**Exercise instructions:** Each entry needs to be given again, character for character.

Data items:
☆ ☆ ☆ ☆
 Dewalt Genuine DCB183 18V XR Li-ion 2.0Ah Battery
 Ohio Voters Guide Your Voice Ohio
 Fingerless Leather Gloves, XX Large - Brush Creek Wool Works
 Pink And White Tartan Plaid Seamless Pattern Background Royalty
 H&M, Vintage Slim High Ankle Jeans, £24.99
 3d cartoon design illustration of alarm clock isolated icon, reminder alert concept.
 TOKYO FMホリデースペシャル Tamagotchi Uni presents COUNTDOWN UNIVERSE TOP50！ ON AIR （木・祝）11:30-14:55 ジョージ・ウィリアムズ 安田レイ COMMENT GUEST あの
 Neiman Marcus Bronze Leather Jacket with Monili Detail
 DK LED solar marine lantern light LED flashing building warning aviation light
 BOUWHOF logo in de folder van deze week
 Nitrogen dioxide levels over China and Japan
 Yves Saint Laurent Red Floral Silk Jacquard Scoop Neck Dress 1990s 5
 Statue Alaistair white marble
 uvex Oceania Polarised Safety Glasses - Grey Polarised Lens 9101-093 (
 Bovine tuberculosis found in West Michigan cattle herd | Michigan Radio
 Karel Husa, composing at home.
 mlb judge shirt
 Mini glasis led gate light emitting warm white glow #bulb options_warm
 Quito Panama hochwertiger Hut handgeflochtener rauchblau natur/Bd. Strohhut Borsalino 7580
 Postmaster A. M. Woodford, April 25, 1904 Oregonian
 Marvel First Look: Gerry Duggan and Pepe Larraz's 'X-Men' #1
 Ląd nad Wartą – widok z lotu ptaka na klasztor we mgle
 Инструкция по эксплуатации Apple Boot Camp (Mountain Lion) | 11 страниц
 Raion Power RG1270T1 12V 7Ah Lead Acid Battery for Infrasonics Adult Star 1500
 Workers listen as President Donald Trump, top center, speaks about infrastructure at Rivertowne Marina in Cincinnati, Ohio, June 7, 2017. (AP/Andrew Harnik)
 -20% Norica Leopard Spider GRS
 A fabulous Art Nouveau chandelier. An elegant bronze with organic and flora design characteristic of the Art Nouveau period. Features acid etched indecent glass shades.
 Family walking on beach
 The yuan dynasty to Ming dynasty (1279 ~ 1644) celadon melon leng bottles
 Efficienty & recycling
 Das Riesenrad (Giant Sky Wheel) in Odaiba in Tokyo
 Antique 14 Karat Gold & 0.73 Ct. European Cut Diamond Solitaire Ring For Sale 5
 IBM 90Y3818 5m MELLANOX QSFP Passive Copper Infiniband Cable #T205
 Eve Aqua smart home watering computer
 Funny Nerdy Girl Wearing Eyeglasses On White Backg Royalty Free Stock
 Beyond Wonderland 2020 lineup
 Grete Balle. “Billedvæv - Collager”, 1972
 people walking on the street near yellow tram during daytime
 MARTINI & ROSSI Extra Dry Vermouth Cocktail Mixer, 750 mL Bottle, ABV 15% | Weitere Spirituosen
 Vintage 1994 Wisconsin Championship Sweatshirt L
☆ ☆ ☆ ☆
**Output of the exercise:**
 Dewalt Genuine DCB183 18V XR Li-ion 2.0Ah Battery
 Ohio Voters Guide Your Voice Ohio
 Fingerless Leather Gloves, XX Large - Brush Creek Wool Works
 Pink And White Tartan Plaid Seamless Pattern Background Royalty
 H&M, Vintage Slim High Ankle Jeans, £24.99
 3d cartoon design illustration of alarm clock isolated icon, reminder alert concept.
 TOKYO FMホリデースペシャル Tamagotchi Uni presents COUNTDOWN UNIVERSE TOP50！ ON AIR （木・祝）11:30-14:55 ジョージ・ウィリアムズ 安田レイ COMMENT GUEST あの
 Neiman Marcus Bronze Leather Jacket with Monili Detail
 DK LED solar marine lantern light LED flashing building warning aviation light
 BOUWHOF logo in de folder van deze week
 Nitrogen dioxide levels over China and Japan
 Yves Saint Laurent Red Floral Silk Jacquard Scoop Neck Dress 1990s 5
 Statue Alaistair white marble
 uvex Oceania Polarised Safety Glasses - Grey Polarised Lens 9101-093 (
 Bovine tuberculosis found in West Michigan cattle herd | Michigan Radio
 Karel Husa, composing at home.
 mlb judge shirt
 Mini glasis led gate light emitting warm white glow #bulb options_warm
 Quito Panama hochwertiger Hut handgeflochtener rauchblau natur/Bd. Strohhut Borsalino 7580
 Postmaster A. M. Woodford, April 25, 1904 Oregonian
 Marvel First Look: Gerry Duggan and Pepe Larraz's 'X-Men' #1
 Ląd nad Wartą – widok z lotu ptaka na klasztor we mgle
 Инструкция по эксплуатации Apple Boot Camp (Mountain Lion) | 11 страниц
 Raion Power RG1270T1 12V 7Ah Lead Acid Battery for Infrasonics Adult Star 1500
 Workers listen as President Donald Trump, top center, speaks about infrastructure at Rivertowne Marina in Cincinnati, Ohio, June 7, 2017. (AP/Andrew Harnik)
 -20% Norica Leopard Spider GRS
 A fabulous Art Nouveau chandelier. An elegant bronze with organic and flora design characteristic of the Art Nouveau period. Features acid etched indecent glass shades.
 Family walking on beach
 The yuan dynasty to Ming dynasty (1279 ~ 1644) celadon melon leng bottles
 Efficienty & recycling
 Das Riesenrad (Giant Sky Wheel) in Odaiba in Tokyo
 Antique 14 Karat Gold & 0.73 Ct. European Cut Diamond Solitaire Ring For Sale 5
 IBM 90Y3818 5m MELLANOX QSFP Passive Copper Infiniband Cable #T205
 Eve Aqua smart home watering computer
 Funny Nerdy Girl Wearing Eyeglasses On White Backg Royalty Free Stock
 Beyond Wonderland 2020 lineup
 Grete Balle. “Billedvæv - Collager”, 1972
 people walking on the street near yellow tram during daytime
 MARTINI & ROSSI Extra Dry Vermouth Cocktail Mixer, 750 mL Bottle, ABV 15% | Weitere Spirituosen
 Vintage 1994 Wisconsin Championship Sweatshirt L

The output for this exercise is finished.